In general, you should limit your robot to a few requests per minute maximum, and ensure a few seconds between each request. You also should limit the total number of accesses to a site, to prevent loops. |
(4) Tolerate Loops and Dups and Other Problems | |
Handle All Return Codes | You must be prepared to handle all HTTP status codes, including redirects and errors. You should also log and monitor these codes. A large number of non-success results on a site should cause investigation.
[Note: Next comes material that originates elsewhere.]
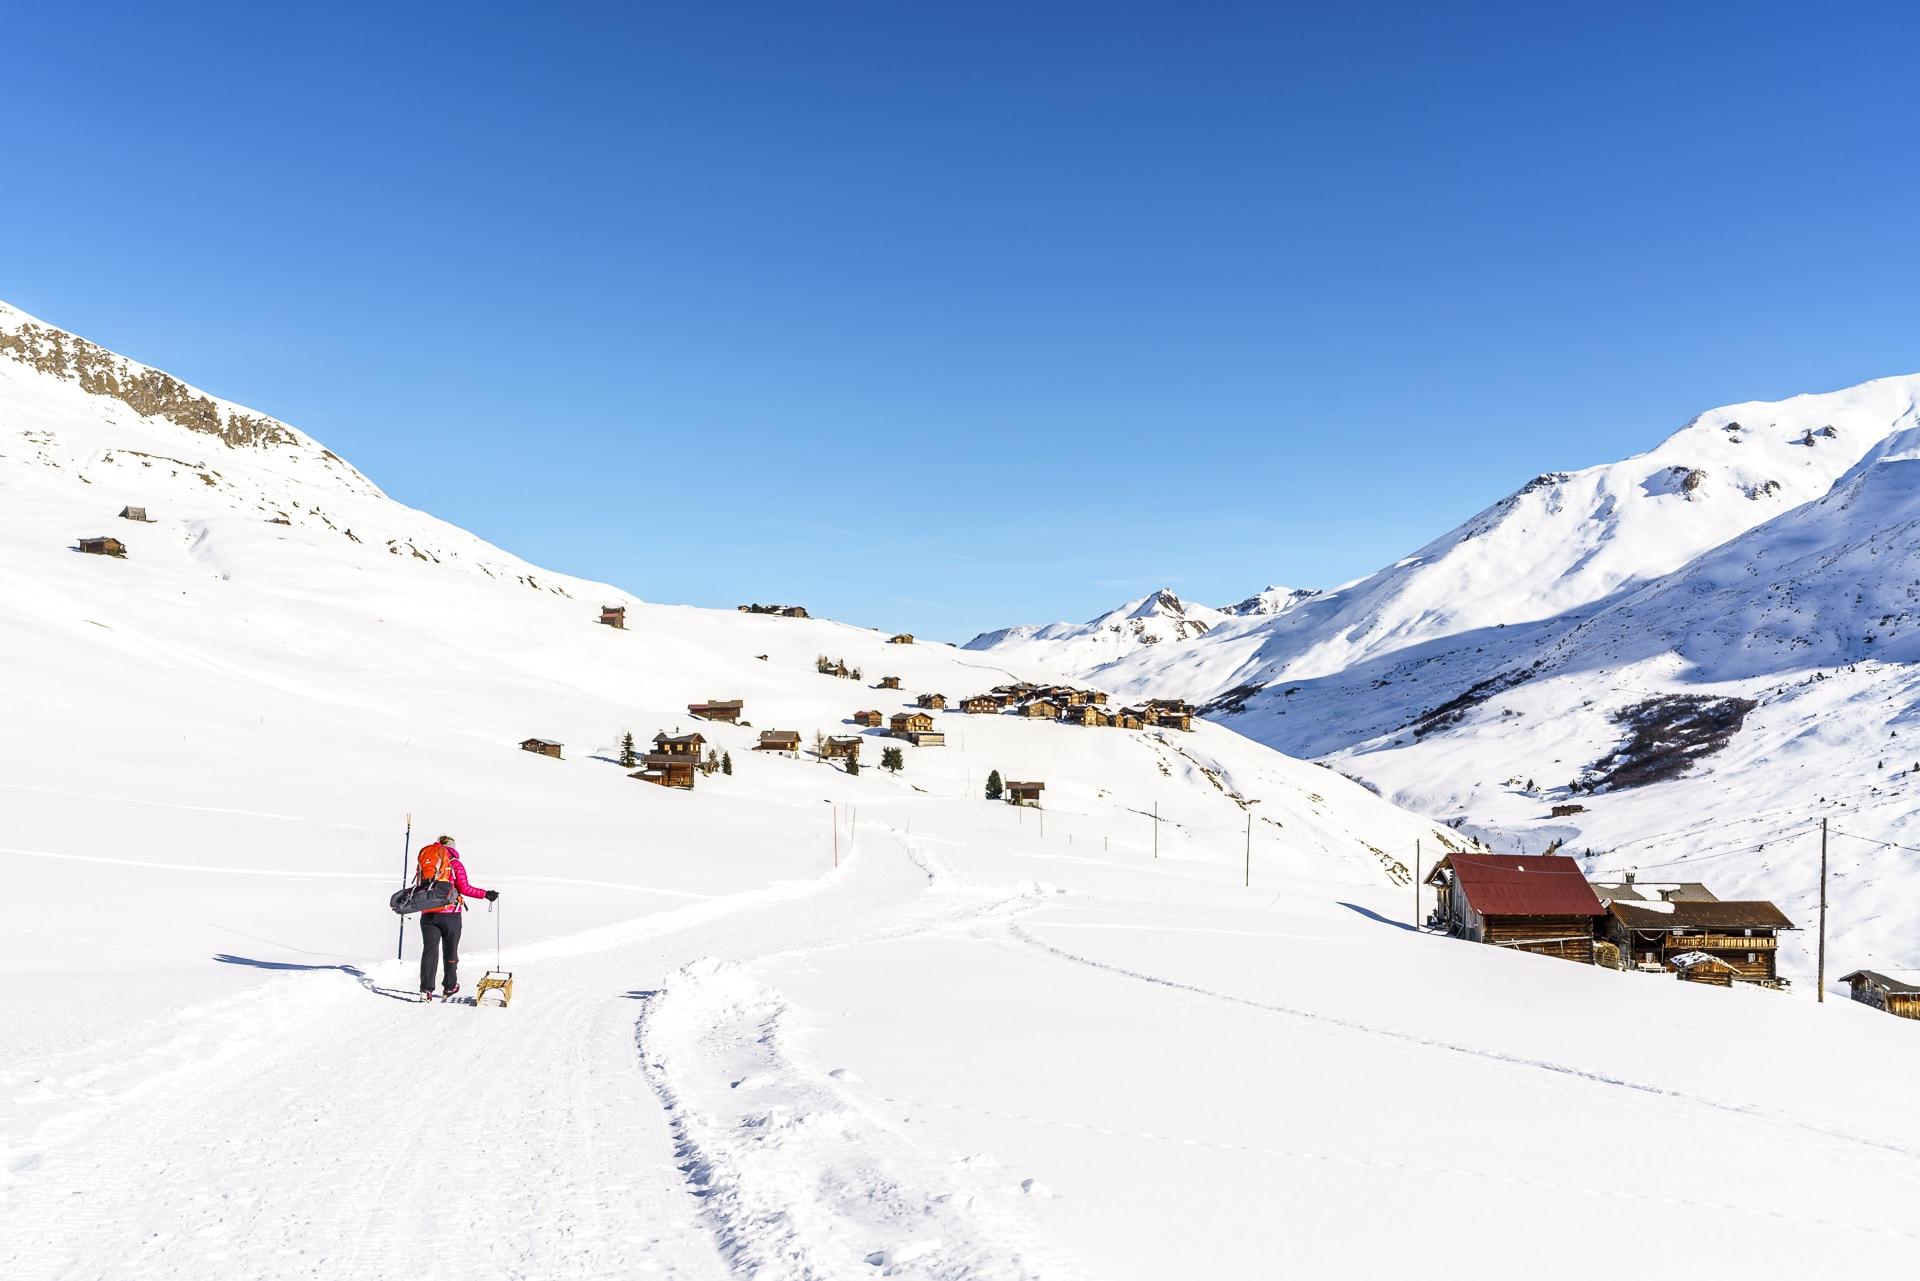 Schneeschuhtour Fondei Schanfigg

It may be that many URLs are stale, or the server refuses to serve documents to robots. |
Canonicalize URLs | Try to remove common aliases by normalizing all URLs into a standard form. |
Aggressively Avoid Cycles | Work very hard to detect and avoid cycles. Treat the process of operating a crawl as a feedback loop. The results of problems and their resolutions should be fed back into the next crawl, making your crawler better with each iteration. |
Monitor for Traps | Some types of cycles are intentional and malicious. These may be intentionally hard to detect. Monitor for large numbers of accesses to a site with strange URLs. These may be traps. |
Maintain a Blacklist | When you find traps, cycles, broken sites, and sites that want your robot to stay away, add them to a blacklist, and don't visit them again. |
(5) Scalability | |
Understand Space | Work out the math in advance for how large a problem you are solving. You may be surprised how much memory your application will require to complete a robotic task, because of the huge scale of the Web. |
Understand Bandwidth | Understand how much network bandwidth you have available and how much you will need to complete your robotic task in the required time. Monitor the actual usage of network bandwidth. You probably will find that the outgoing bandwidth (requests) is much smaller than the incoming bandwidth (responses). By monitoring network usage, you also may find the potential to better optimize your robot, allowing it to take better advantage of the network bandwidth by better usage of its TCP connections. |
Understand Time | Understand how long it should take for your robot to complete its task, and sanity check that the progress matches your estimate. If your robot is way off your estimate, there probably is a problem worth investigating. |
Divide and Conquer | For large-scale crawls, you will likely need to apply more hardware to get the job done, either using big multiprocessor servers with multiple network cards, or using multiple smaller computers working in unison. |
(6) Reliability | |
Test Thoroughly | Test your robot thoroughly internally before unleashing it on the world. When you are ready to test off-site, run a few, small, maiden voyages first. Collect lots of results and analyze your performance and memory use, estimating how they will scale up to the larger problem. |
Checkpoint | Any serious robot will need to save a snapshot of its progress, from which it can restart on failure. There will be failures: you will find software bugs, and hardware will fail. Large-scale robots can't start from scratch each time this happens. Design in a checkpoint/restart feature from the beginning. |
Fault Resiliency | Anticipate failures, and design your robot to be able to keep making progress when they occur. |
(7) Public Relations | |
Be Prepared | Your robot probably will upset a number of people. Be prepared to respond quickly to their enquiries. Make a web page policy statement describing your robot, and include detailed instructions on how to create a robots.txt file. |
Be Understanding | Some of the people who contact you about your robot will be well informed and supportive; others will be naïve. A few will be unusually angry. Some may well seem insane. It's generally unproductive to argue the importance of your robotic endeavor. Explain the Robots Exclusion Standard, and if they are still unhappy, remove the complainant URLs immediately from your crawl and add them to the blacklist. |
Be Responsive | Most unhappy webmasters are just unclear about robots. If you respond immediately and professionally, 90% of the complaints will disappear quickly. On the other hand, if you wait several days before responding, while your robot continues to visit a site, expect to find a very vocal, angry opponent. |
See Chapter 4 for more on optimizing TCP performance.